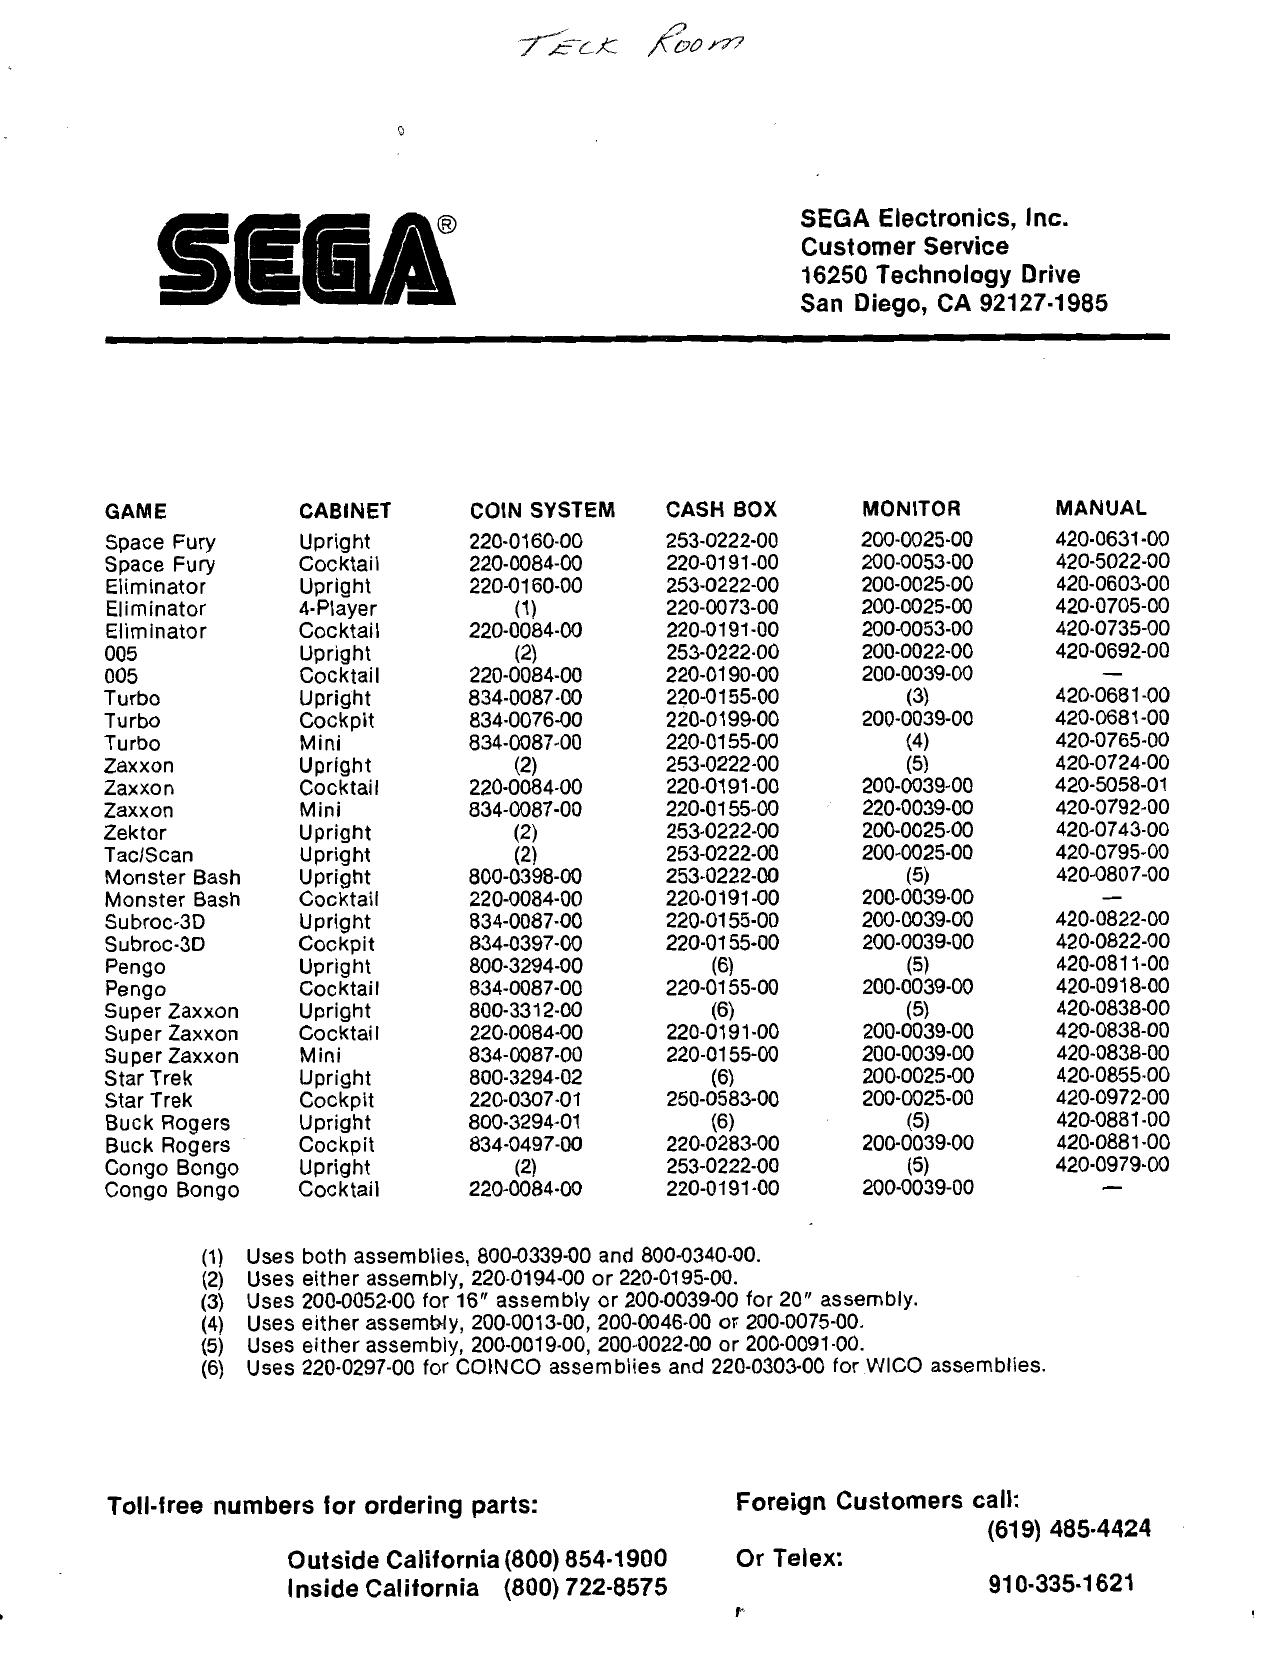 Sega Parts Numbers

• • •

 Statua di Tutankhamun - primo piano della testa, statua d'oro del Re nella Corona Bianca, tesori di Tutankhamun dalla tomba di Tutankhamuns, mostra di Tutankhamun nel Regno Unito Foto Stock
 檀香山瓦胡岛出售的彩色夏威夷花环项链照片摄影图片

• • •

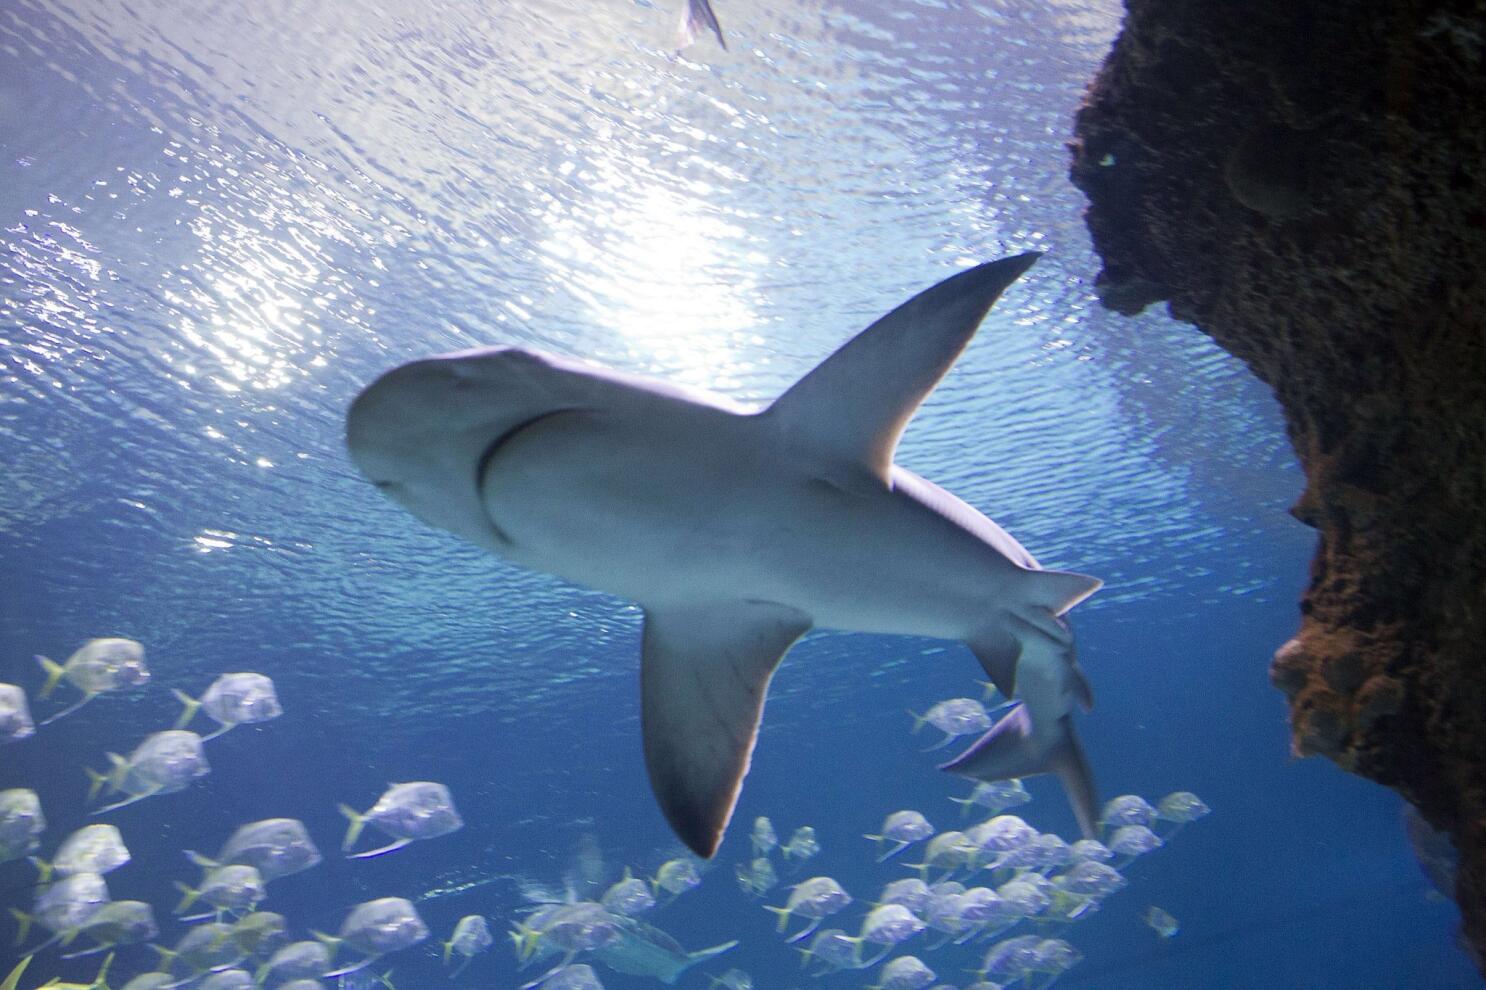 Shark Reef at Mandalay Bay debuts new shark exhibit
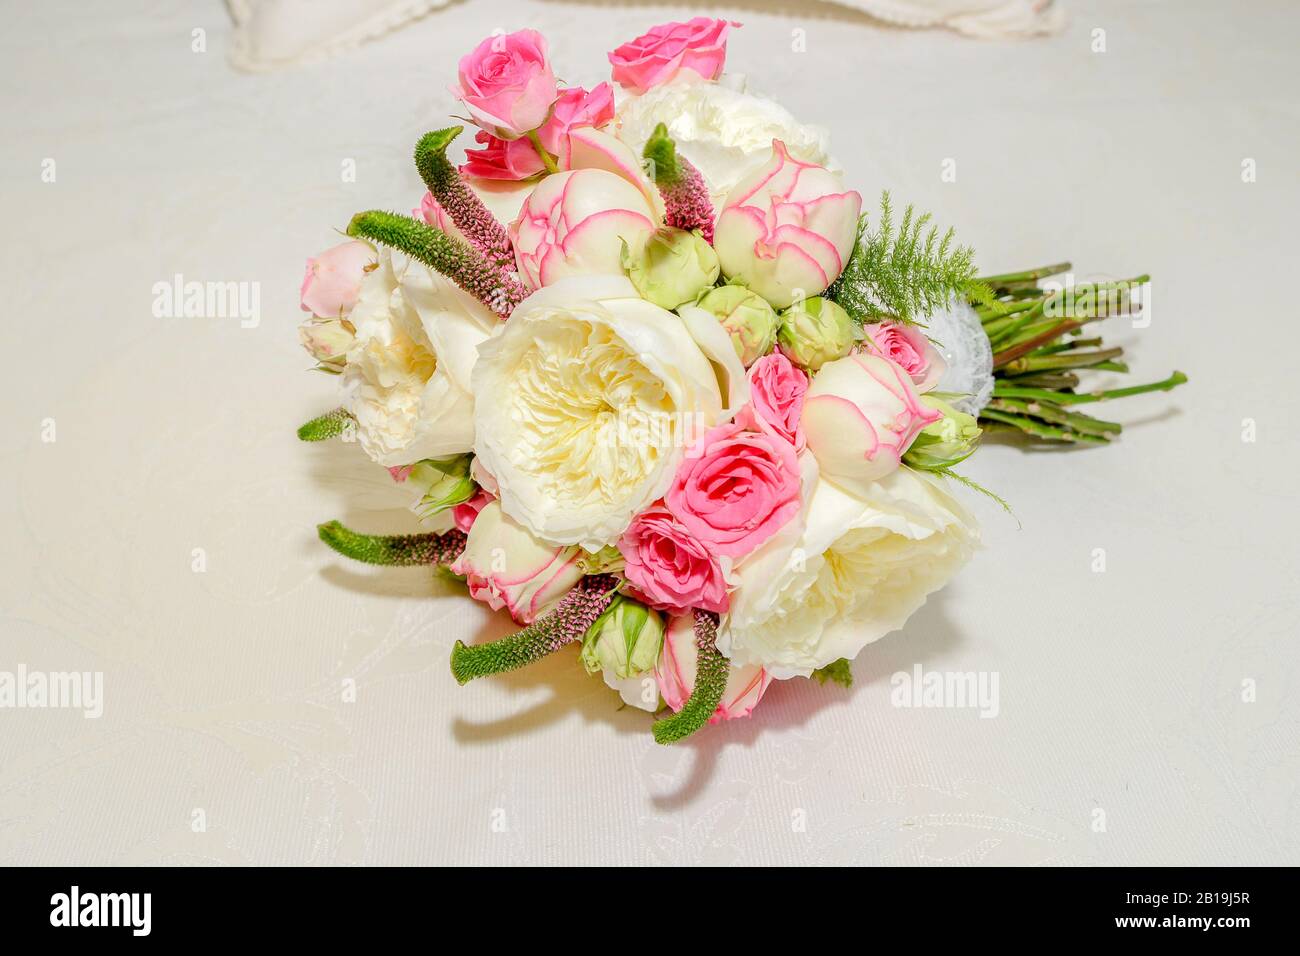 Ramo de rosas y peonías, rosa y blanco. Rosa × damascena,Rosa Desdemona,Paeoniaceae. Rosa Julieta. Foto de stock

• • •

# Brief
Reproducing the whole listing above is not the task. Copy exactly only the lines from the one with "Statua di Tutankhamun" to the one with "檀香山瓦胡岛出售的彩色夏威夷花环项链照片摄影图片", both kept.

# Worked solution
 Statua di Tutankhamun - primo piano della testa, statua d'oro del Re nella Corona Bianca, tesori di Tutankhamun dalla tomba di Tutankhamuns, mostra di Tutankhamun nel Regno Unito Foto Stock
 檀香山瓦胡岛出售的彩色夏威夷花环项链照片摄影图片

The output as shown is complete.